There was a factory tech bulletin about this: See M2008-020, of 12/15/08. The gist of this is: With bike on sidestand, you should have about 8-13 mm clearance between the top of the chain on the lower run and the swingarm. The approximate measure point is roughly 165mm forward of the front bolt of the chain guide back by the sprocket. They tell you to use 36 lb of force to push up, but the goal is all of the slack removed for a good measurement.  I also suggest that you measure this several times for and rotate the wheel each time for a used chain, which often have tight and loose spots. When tightening chain, don't believe the factory marks. You can sight down the chain or use a laser and see if the wheel alignment is really straight.
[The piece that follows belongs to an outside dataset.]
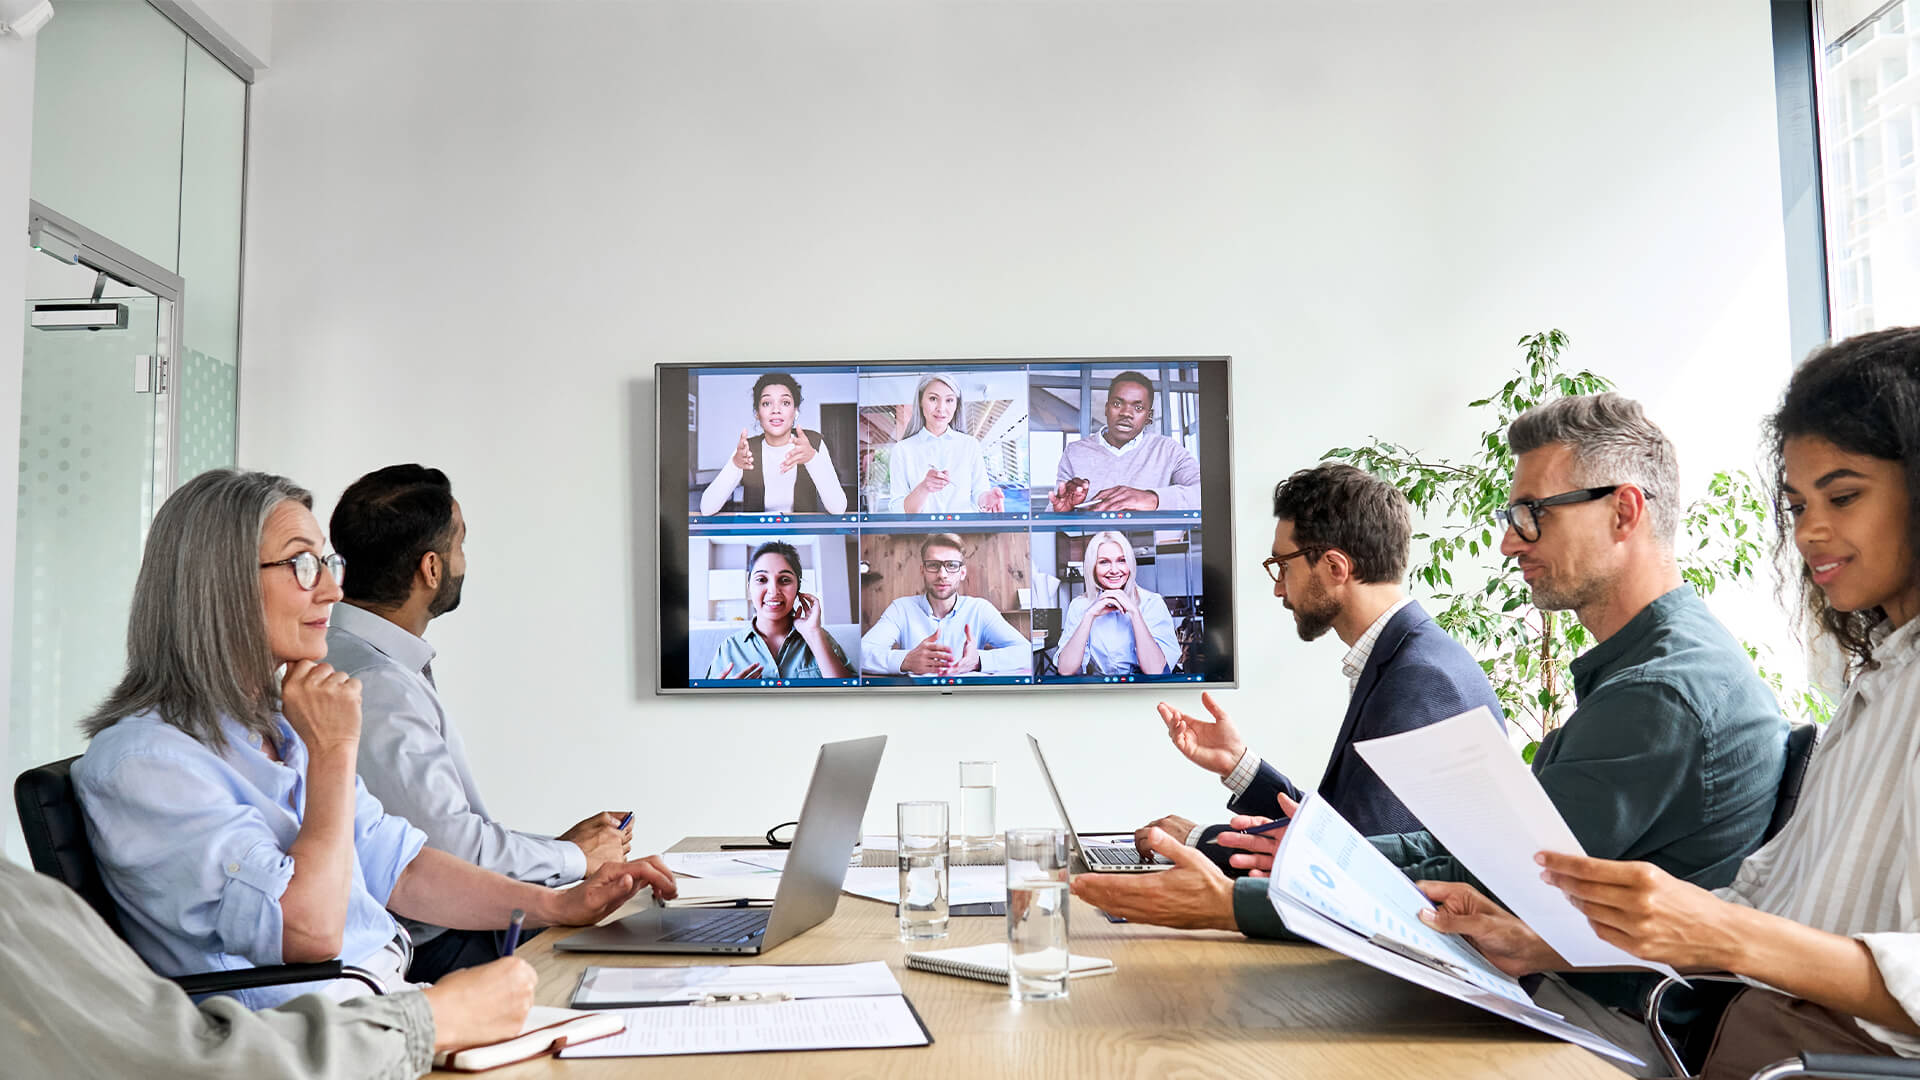 12 Virtual Meeting Best Practices Your Team Needs to Implement Now

I then wrap a rag around the chain, put my foot on it and push down hard on the lower run of the chain while tightening up the axle nut. Otherwise, you torque off the adjuster blocks and the adjustment walks from where you had it set.

 

If the sprockets aren't obviously worn, and you can't pull the chain off the rear sprocket by a half tooth (exposed) plus there is little side play, then maybe your sprockets/chain are still usable. Maybe not. 

 

I have a Yamalink and 13/47 sprockets on mine, and run it on the snug side (about 8mm, measured roughly just behind the boss for the linkage on the bottom of the swingarm: see the bulletin, it has a picture). I also suggest that you measure this several times and rotate the wheel each time for a used chain. Due to my mostly-dirt-only use of my WRR, the stock chain had completely had it by 5K miles, and was replaced with an x-ring. (new sprockets as well, obviously)

 

Don't use an air wrench or impact driver on the countershaft nut, it will mess up the bearings.  Do it the hard way with a sprocket grabbing tool and a breaker bar. The nut is staked in two places, but a breaker bar will iron that out while you remove the nut. I restaked the original nut and then used a paint stick to mark the shaft/nut relationship, so at a glance you can see if it is still tight. I use a paint stick and mark all critical fasteners so I can just do a walk around and see if they are where I left them. Beats the pre-ride socket routine anyday.

 

Last, I'd say it is time to pull and check the swingarm pivot and linkage bolts/bearings/seals. I pulled mine at about 4500 miles and found enough water had gotten in between the swingarm pivot bolt and the inner bearing races to cause it to (just about, but not quite) rust in place. The bearings and seals were OK, so I just cleaned up everything and regreased/reassembled and didn't need to replace anything. Beats letting it grow together and then need all new parts, and a sawzall/cutting torch to pull the bolt.